# 409: Particle in a Box with an Internal Barrier

- Page ID
- 137733

Numerical integration of Schrödinger's equation:

Potential energy: \[ V(x) = \big| _{0~otherwise}^{V_0~if~(x \geq lb) (x \leq rb)} \]

Given:

\[ \frac{-1}{2 \mu} \frac{d^2}{dx^2} \psi (x) + V(x) \psi (x) = E \psi (x)\]

\( \psi\)(0) = 0

\( \psi\)'(0) = 0.1

\( \psi\) = Odesolve(x, x_{max})

Normalize wave function:

\[ \psi (x) = \frac{ \psi (x)}{ \sqrt{ \int_{0}^{x} \psi (x)^2 dx}}\]

Integration limit: x_{max} = 1

Effective mass: \( \mu\) = 1

Barrier height: V_{0} = 100

Barrier boundaries: lb = 0.45

rb = 0.55

Enter energy guess: E = 15.45

Calculate potential energy: \( PE = \int_{0}^{1} V(x) \psi (x)^2 dx\) PE = 4.932 \( \int_{0}^{1} \psi (x)^2 dx = 1.00\)
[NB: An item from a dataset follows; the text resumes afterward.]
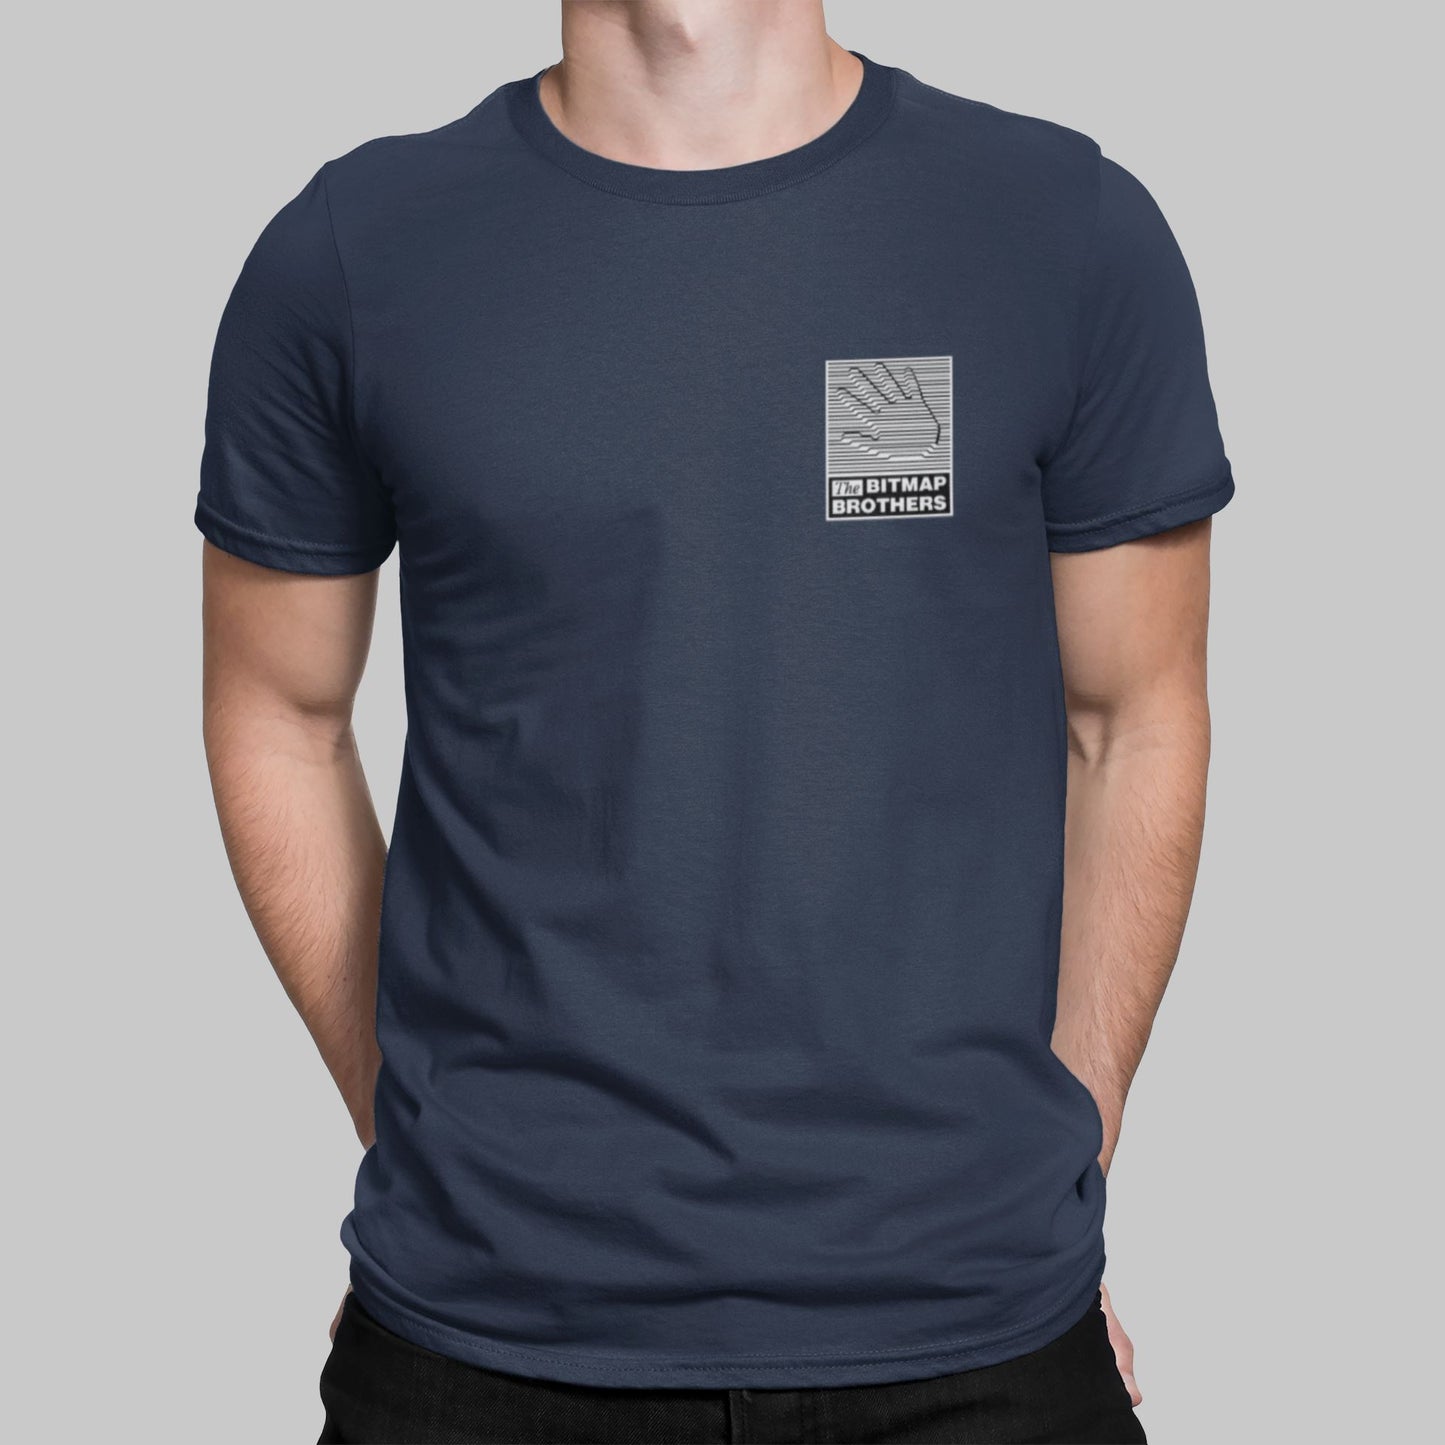 Bitmap Brothers Pocket Print Retro Gaming T-Shirt T-Shirt Seven Squared Small 34-36" Navy

Calculate kinetic energy: \( KE = E - PE\) E = 10.518

Ratio of potential energy to total energy: \( \frac{PE}{E} = 0.319\)

Calculate probability in barrier: \( \frac{PE}{V_0} = 0.049\)

\[ P = \int_{lb}^{rb} \psi (x)^2 dx = 0.049\]

1. Find the first four energy levels, sketch \( \psi^2\) for each state, and fill in the table below. KE, PE and the probability in the electron is in the barrier are calculated above.

\[ \begin{pmatrix}

E & KE & PE & P \\

15.45 & 10.518 & 4.932 & 0.049 \\

20.30 & 19.827 & 0.473 & 0.0047 \\

62.20 & 47.745 & 14.455 & 0.145 \\

80.80 & 78.968 & 1.832 & 0.018

\end{pmatrix}\]

2. Interpret the results for energy in light of the fact that a 100 E_{h} (2720 eV) potential barrier of finite thickness exists in the center of the box.

This is an excellent example of quantum mechanical tunneling. For the first four energy states the particle has probability of being found in the tunnel in spite of the fact that its energy is less than the barrier energy.

3. Explain the obvious bunching of energy states in pair in terms of the impact of the internal barrier. In other words why is the probability of being in the potential barrier larger for the n = 1 and 3 states than it is for the n = 2 and 4 states.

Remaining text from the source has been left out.